At the time of this writing we have mechanisms in place to ensure that all Python actions in the build run with Python 3.x, in part to avoid this problem.

Build convergence diagnostics

We have the following tools to diagnose build convergence issues:

  • Ninja no-op check in the Commit Queue
  • Filesystem access action tracing

Ninja no-op check

Fuchsia's Commit Queue (CQ) verifies that changes not only build successfully, but also keep the build system in a state that it converges to no-op in a single build invocation.
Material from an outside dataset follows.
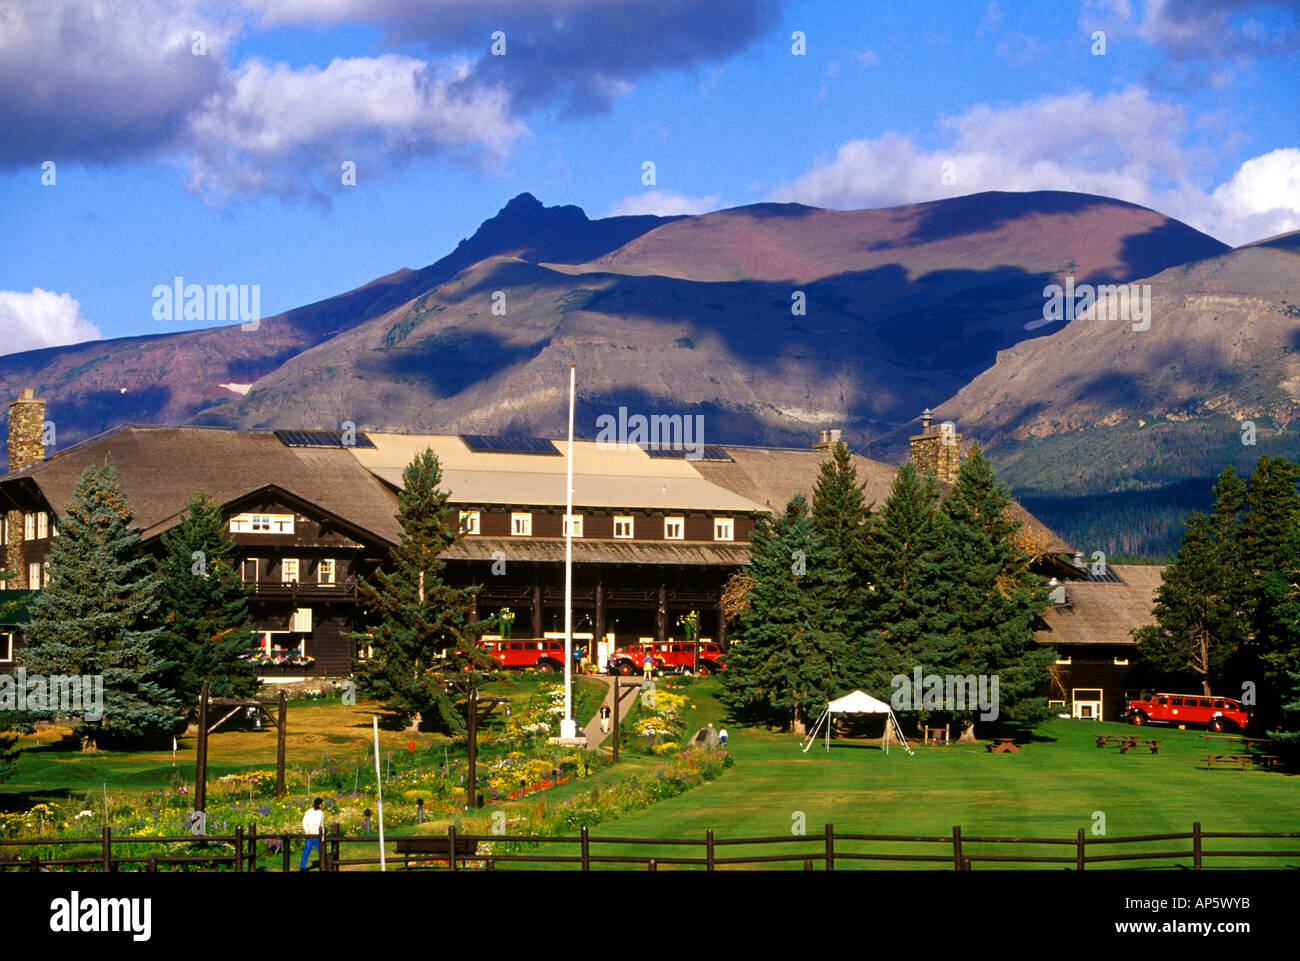 Glacier Park lodge in East Glacier Montana Stock Photo - Alamy

Example of a build convergence error from CQ:

fuchsia confirm no-op
ninja build does not converge to a no-op

The same build is run in CQ before changes can be merged into the source tree, to ensure that changes don't break the build. After completing a build successfully, CQ will invoke Ninja again and expect Ninja to report "no work to do". This serves as a soundness check, since a correct build graph is expected to "converge" to no-op.

If this soundness check fails then CQ will report a failure on a step named fuchsia confirm no-op.

Reproducing Ninja convergence issues

With a source tree synced to your change, simply try the following:

fx build

This command should print:

ninja: no work to do.

If this is not the case, and actual build actions are being performed, run the same command again. If the second invocation still didn't produce "no work", then you've reproduced the issue. If you've arrived at "no work" still, try the following:

# Clean your build cache
rm -rf out
# Set up the build specification again
fx set ...
# Build
fx build
# Build again, expecting no-op
fx build

Troubleshooting Ninja convergence issues

In the CQ results page, under the failed step confirm no-op, you will see several links:

  • execution details
  • ninja -d explain -n -v
  • dirty paths

The link to ninja -d explain -n -v shows information that you should be able to reproduce locally with the following command:

fx ninja -C $(fx get-build-dir) -d explain -n -v

This link to "dirty paths" shows the most relevant subset of the same information. You will see a text file that will most likely begin as follows:

ninja explain: output <...> doesn't exist
...

Every line in this file is like a domino brick. You should begin troubleshooting the problem by looking at the first domino brick that started the chain reaction of extra work being done. For instance in the example above a particular output file doesn't exist, which causes Ninja to re-run the build action that's supposed to produce this output, and then subsequently rerun dependent actions.

Filesystem access tracing

There are also builders that trace actions' file system accesses. Diagnostics for stale or missing outputs look like:

Not all outputs of //your:label were written or touched, which can cause subsequent
build invocations to re-execute actions due to a missing file or old timestamp.

Required writes:
...

Missing outputs:
...

Stale outputs:
...

Diagnostics for unallowed writes to inputs look like:

Unexpected file accesses building //your/target:label, following the order they are accessed:
(FileAccessType.WRITE /path/to/input-that-should-not-be-touched.txt)

Compared to the Ninja no-op check, this check is done on every individual action and diagnoses one of the many causes of convergence issues immediately as the action happens, rather than later through a full fx build command. This approach can catch some issues that would otherwise be hard to reproduce due to race conditions.

Troubleshooting traced action failures

To locally enable action tracing, do one of the following:

  • Run fx set ... --args=build_should_trace_actions=true
  • Run fx args, add build_should_trace_actions=true in the editor, save-and-exit

and then fx build //your/failing:target.

Examine the files in the message in the context of the action's script or command, and see if they fall in one of the categories of common issues.